In the early days of the Inquisition, the judges often allow the victim to escape the death penalty by being punished in other ways. For instance, a victim could be locked in public stocks, which was a hellish predicament. Completely helpless, the victim was left to the tender mercies of the assembled mob: slapped, kicked, poked with sharpened sticks, urine and feces dumped on his or her head, or forced into the mouth, poked out eyes, torn-out tongues, stoned, ears cut off, castrated, fingernails and toenails ripped out, fingers and toes sawed off, whipped, etc. But this was in the days when the Church showed a victim mercy. Eventually death was the standard punishment.

When a heretic was sentenced to death, it was by fire because the Church reasoned that it was wrong to shed blood, and burning didn’t shed blood.
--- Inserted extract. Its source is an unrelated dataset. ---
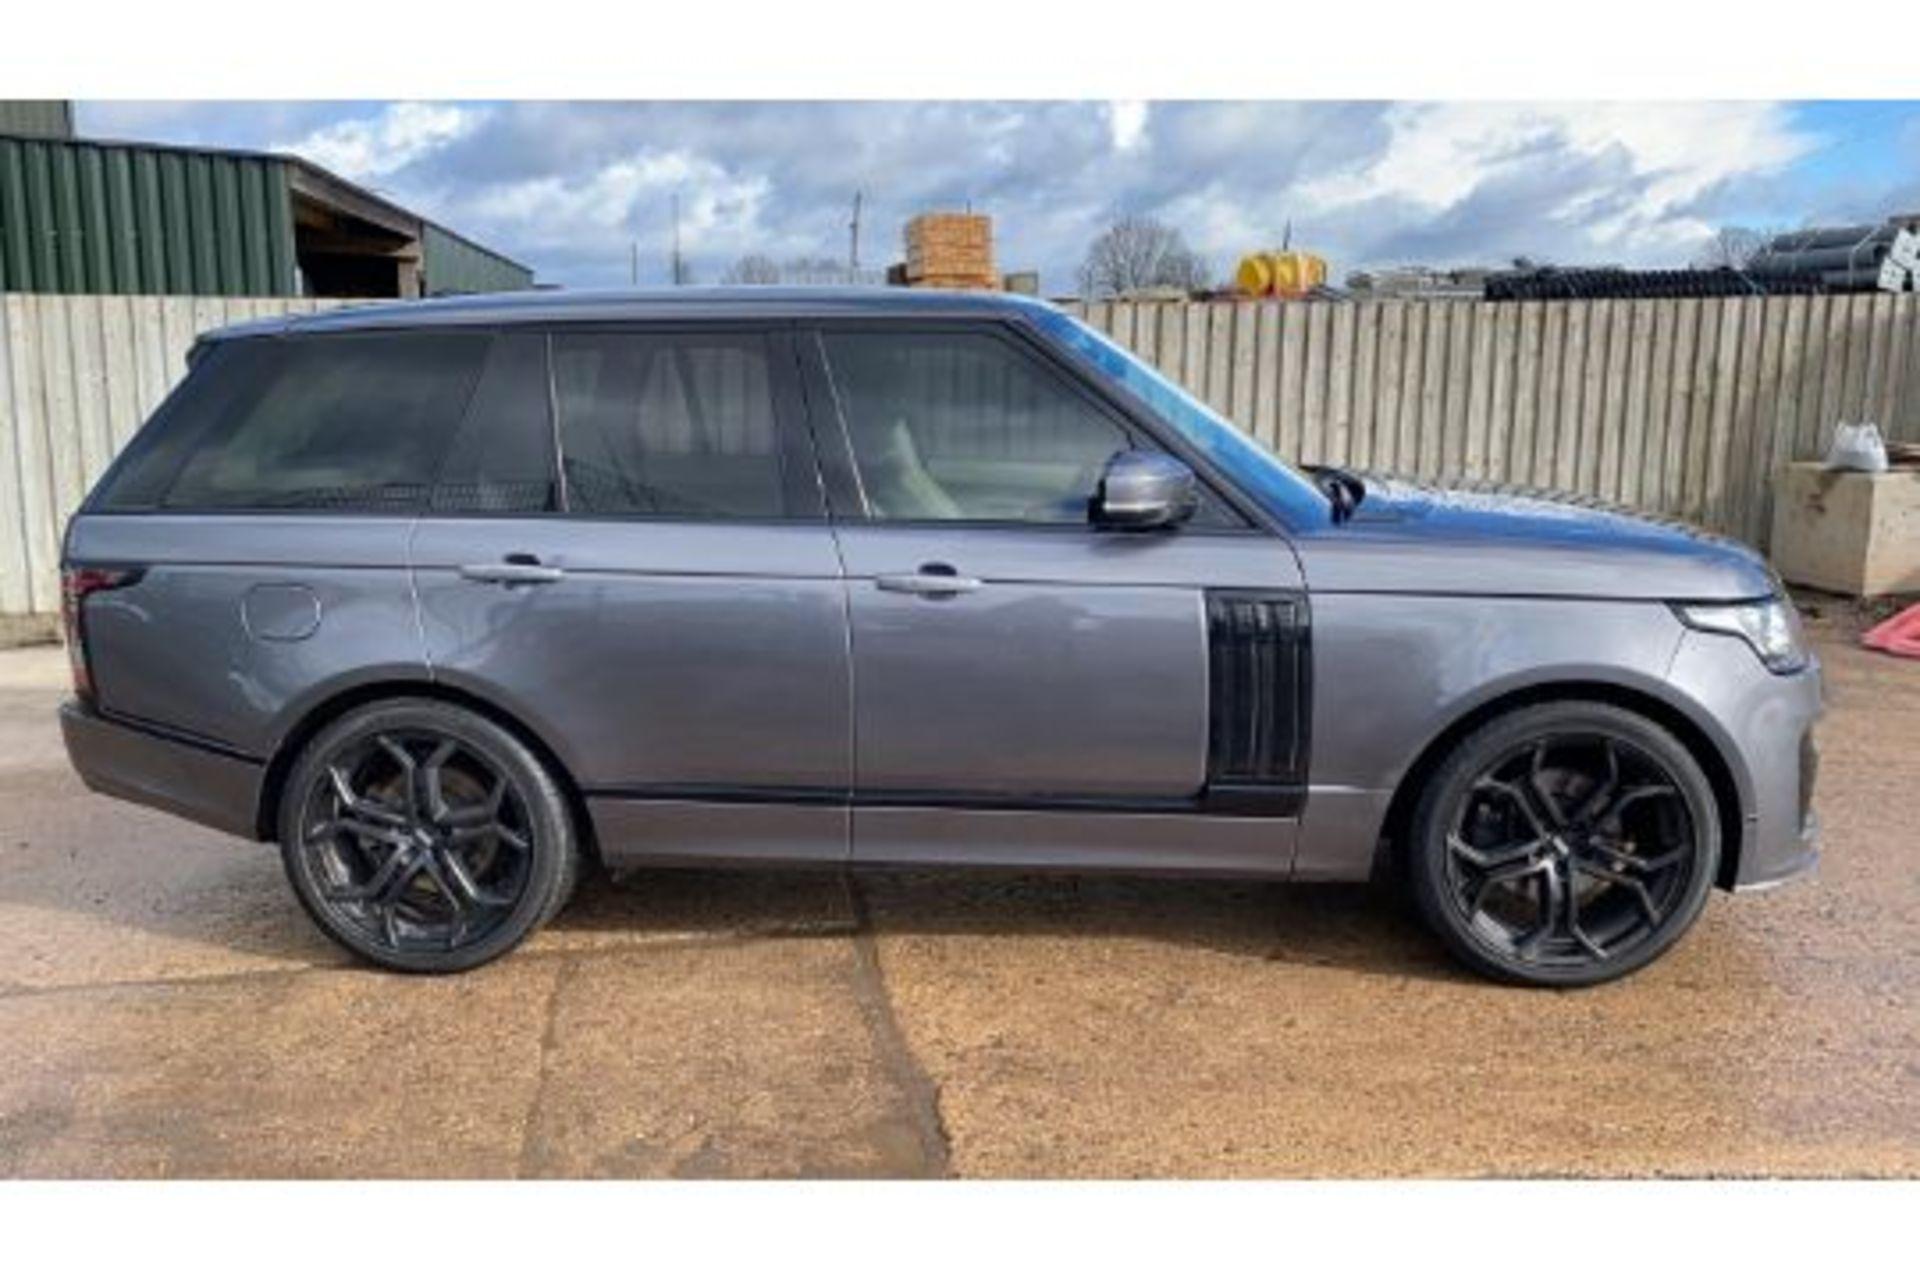 Range Rover Vogue 3.0 TDV6 SE Auto - Black Pack - NEW SHAPE - FULLY LOADED - Pan Roof - Image 6 of 30

Besides, the Lamb of God had paved the way for these holy, purifying fires in John 15:6 “If a man abide not in me, he is cast forth as a branch, and is withered; and men gather them, and cast them into the fire, and they are burned.” (Also, the bible itself teaches that burning was a godly form of execution: Joshua 7:15, which prescribes burning as a form of execution and Leviticus 21:9, which teaches that a profaning woman should be burned with fire.)

The burning of heretics dates all the way back to a papal statute of 1231, which demanded death by fire, adding that it was to be used universally. (Nigg, The Heretic, p. 220, Reinach, Orpheus, p. 328.) In fact, in the Inquisition’s heyday the pope promised indulgences (remission for punishment) in hell or purgatory for those who provided fuel for these cleansing fires. (Reinach, op.cit., p. 328.) This offer by the papacy wasn’t for any religious concern, it was because providing firewood was expensive and the Church was looking for ways to cut costs since the number of victims was increasing according to the Church’s perverse appetite.

There was one technicality to be carried out before someone was actually burned: the Church, in its sanctimonious piety, handed its victims over to the local governments so that God’s ministers could claim that the Church had never killed anyone. The victim’s trial ended with these words: “We [the ministers of Christ] cast you forth from this our ecclesiastical court and leave you to be delivered to the secular arm. But we earnestly pray that the said secular court may temper its justice with mercy that there be no bloodshed or danger of death.” (Coulton, Inquisition and Liberty, pp. 168-69.) But, no secular court dared contradict the findings of the Inquisition. No secular court dared let a victim go free — if any judge had dared do so, he would likely find himself before the very men whose judgment he had overturned, faced with a charge of witchcraft or heresy.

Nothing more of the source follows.